The dearth of ships available for charter or sale has caused Wan Hai Lines to put plans to re-enter the Asia-Europe tradelane on hold.

The Taiwanese liner operator was addressing speculation that it had ambitions to restart its Asia-Europe service, axed in in 2010 due to a lack of scale.

Speculation grew after Wan Hai launched a standalone Asia-US west coast service last year and an Asia-US east coast in June.

Wan Hai said, “Re-entering the European lane is not considered for the time being, due to the lack of suitable ships.”

Management said globally, the idle container ship fleet was at a historical low of 0.7%, meaning almost all available vessels are in use.

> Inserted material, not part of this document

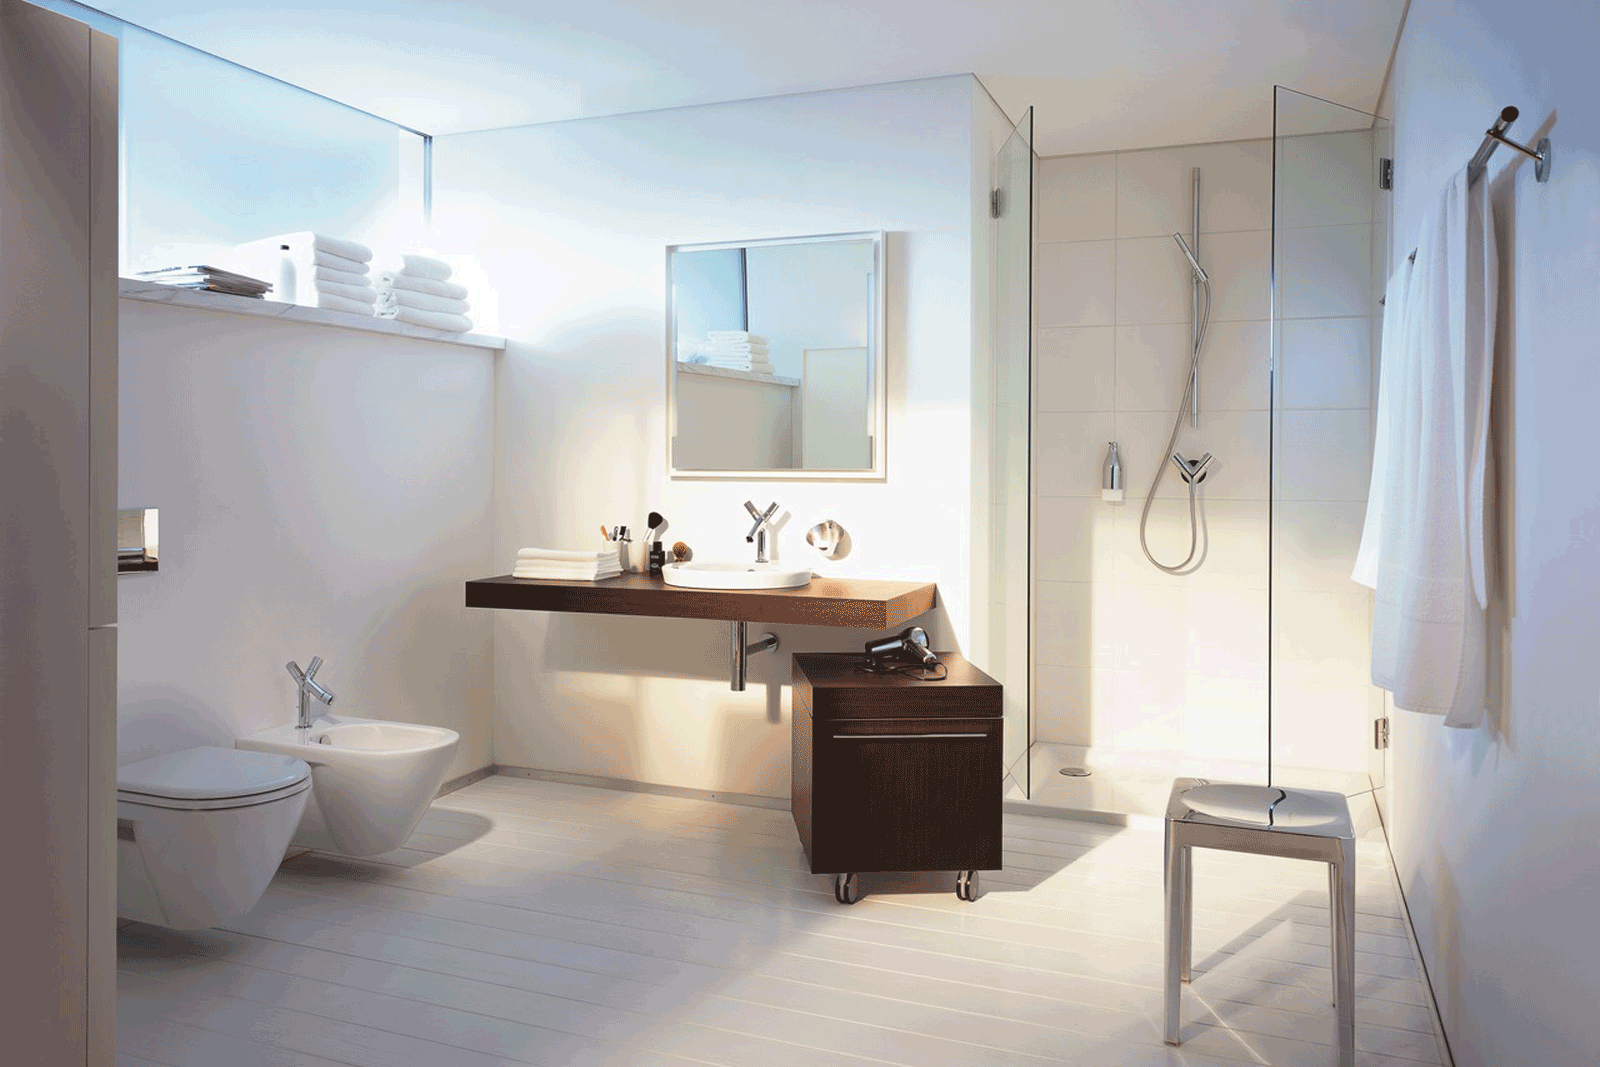 hansgrohe-bathroom

“Liner operators are not deliberately withholding any vessels. Freight costs will remain high and next year, we expect higher revenue and profits,” said Wan Hai.

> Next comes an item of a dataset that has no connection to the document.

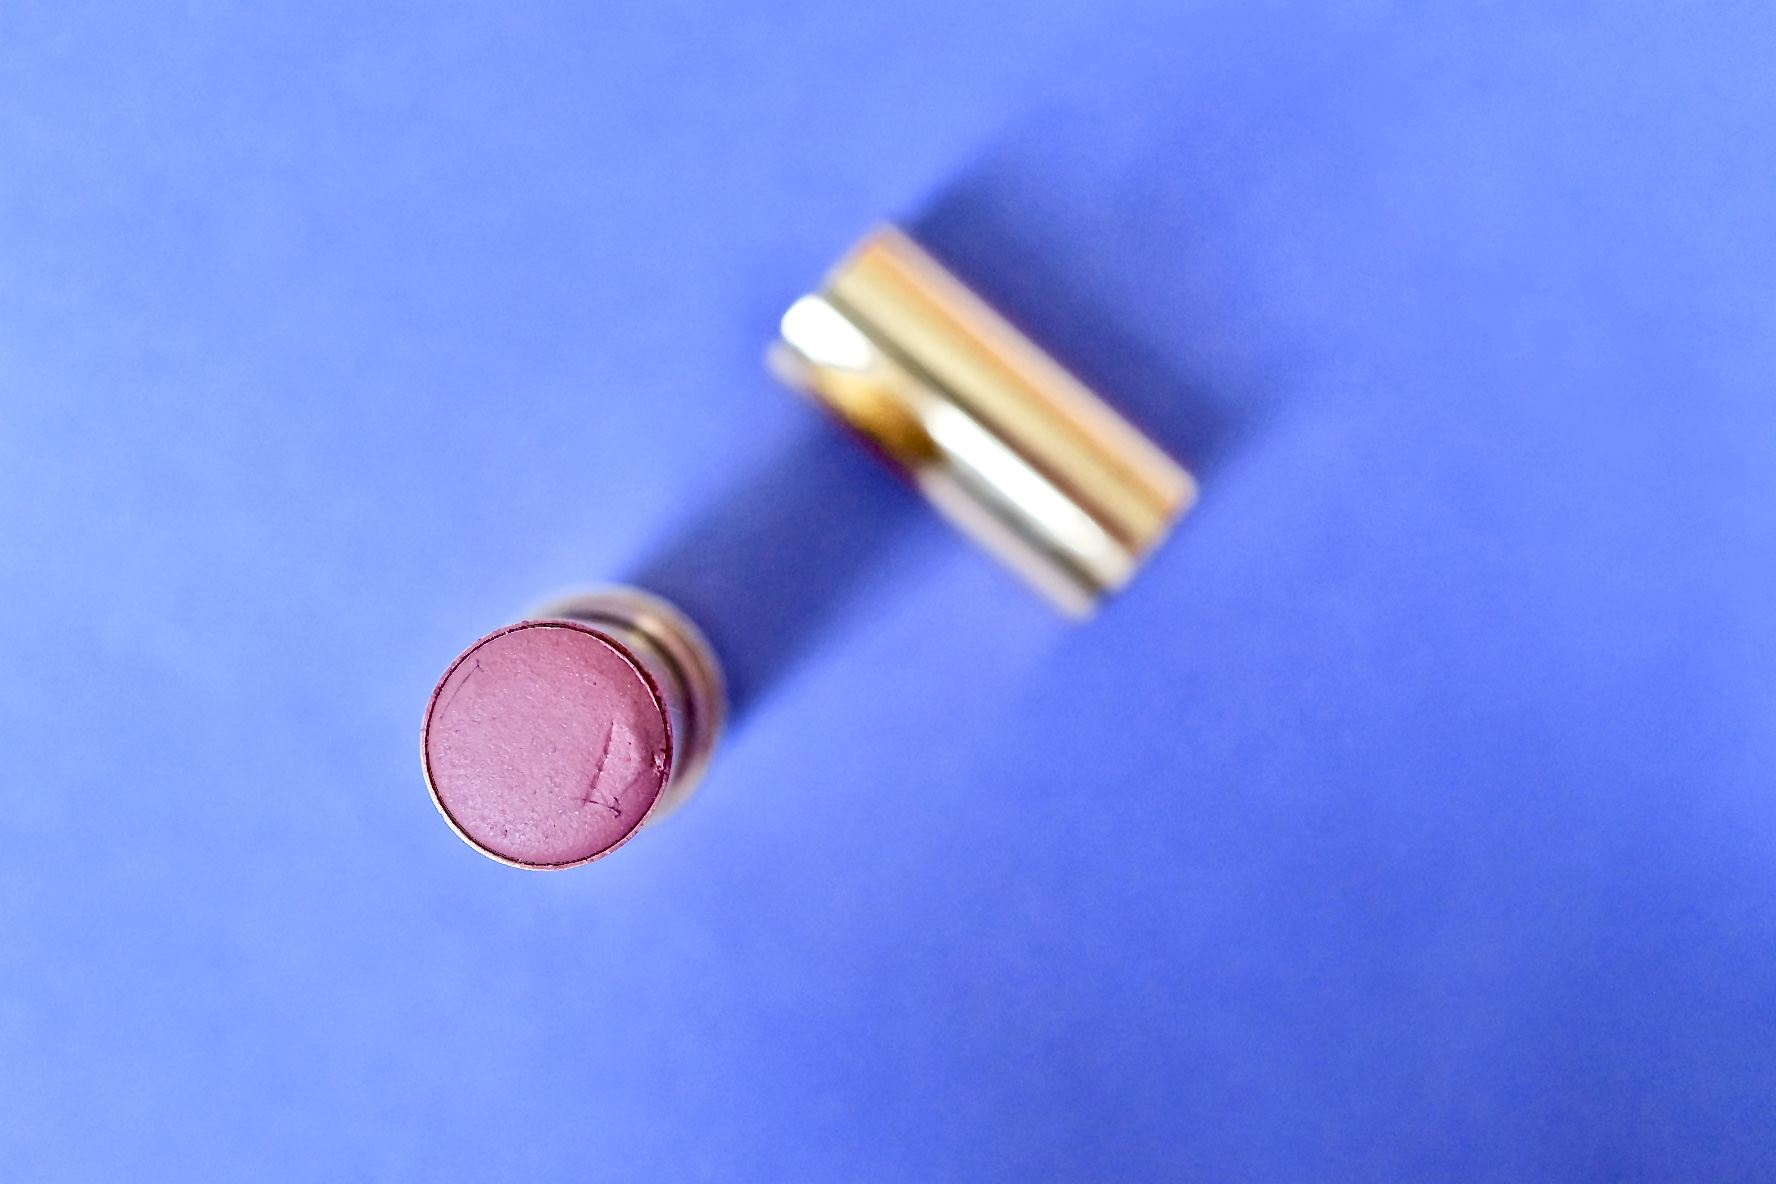 pink blush stick

Primarily an intra-Asia carrier, it pointed out that congestion in major Asian ports, including Singapore, Hong Kong and Busan, remained severe. This would exacerbate equipment and capacity shortages in the traditional Q3 peak season, lending support to freight revenues, it added.

Wan Hai said transpacific services accounted for nearly 40% of its H1 21 revenue, and healthy demand persuaded the company to offer regular sailings. Its H1 21 net profit swelled 19-fold year on year, to $1.21bn, thanks to rocketing freight rates, with revenues up 28%, to $3.1bn.

The company has more than 40 ships on order and expects delivery of some to start this year.

Wan Hai added that it had entered into a leasing contract with Seaco Global, a subsidiary of China’s HNA Group, for 5,570 containers. The total lease amount is $46.59m. It had said in May it planned to procure more containers, after having ordered 50,000 20ft boxes from China International Marine Containers in January.